News

20.Sep.2023

Honoring Ligeti at 100 in New York City, London, Amsterdam, Tokyo and beyond


This year marks the centennial of the birth of György Ligeti, with whom Aimard shared an intimate working relationship until the Hungarian composer’s death in 2006. In a recent essay for VAN magazine, Aimard describes his late friend as “the epitome of a polyglot and a free spirit,” whose music is “irresistible in its visual poetry and the power of its gestural, formal, rhythmic and tonal influence.” This admiration was mutual. Ligeti considered Aimard “today’s leading interpreter of contemporary piano music,” and dedicated several of his Études to the pianist, who won a Gramophone Award for his recording of the complete set. Indeed, critics have consistently recognized Aimard’s way with the composer’s work, hailing him as “the definitive interpreter of this technically fearsome keyboard writing” (The Guardian).

After spring and summer performances of Ligeti’s music in Berlin, Paris, Seoul and at the Aldeburgh, Ruhr and Salzburg festivals, Aimard continues paying international tribute to the great modernist this fall. In New York, he joins the New York Philharmonic under Susanna Malkki for accounts of Ligeti’s Piano Concerto (Nov 2–4), before juxtaposing selected Ligeti Études with works reflecting their cultural inspirations in the Philharmonic’s “Artist Spotlight” recital series (Nov 7).

In London, Aimard headlines Ligeti 100, a full day devoted to the composer at the Southbank Centre’s Queen Elizabeth Hall, with an all-Ligeti solo recital of the Chromatische PhantasieMusica ricercata and selected Études, followed by a rendition of the Piano Concerto with Vimbayi Kaziboni and the London Sinfonietta (Oct 14).
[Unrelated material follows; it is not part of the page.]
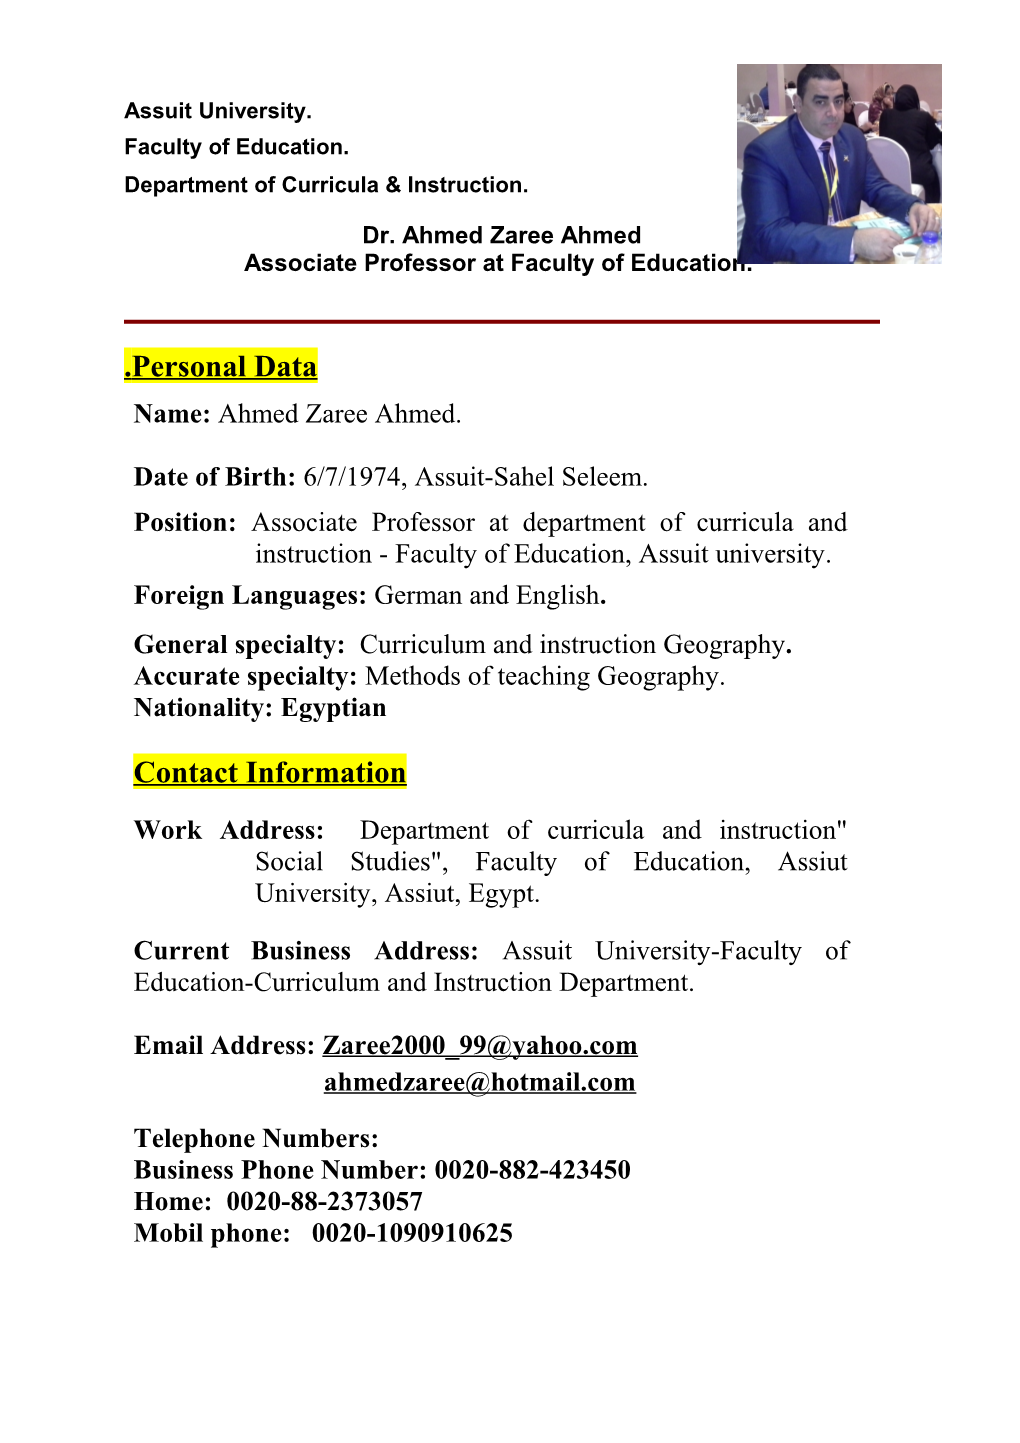 Dr. Ahmed Zaree Ahmed. CV

Aimard gives two more performances of Ligeti’s concerto, first at Amsterdam’s Concertgebouw with Asko Schönberg (Oct 28) and then in Tokyo with Sylvain Cambreling leading the Yomiuri Nippon Symphony Orchestra (Dec 5). It was with the Asko Ensemble, one of the two Dutch chamber orchestras that merged to become today’s Asko Schönberg, that Aimard made his Grammy-nominated recording of the concerto in 2001.

In solo recitals at both Germany’s Essen Philharmonie (Sep 26) and the Ligeti Festival in Montreal’s Salle Bourgie (Nov 5), Aimard pairs selections from Ligeti’s Études and Musica ricercata with Bagatelles and Études by Beethoven, Chopin and Debussy. He also features the Musica ricercata in recital programs at Frankfurt’s Alte Oper (Sep 29) and the Théâtre des Champs-Elysées in Paris (April 28), as well as including the Études in a duo recital with his regular piano partner, Tamara Stefanovich, in Zurich (Oct 1).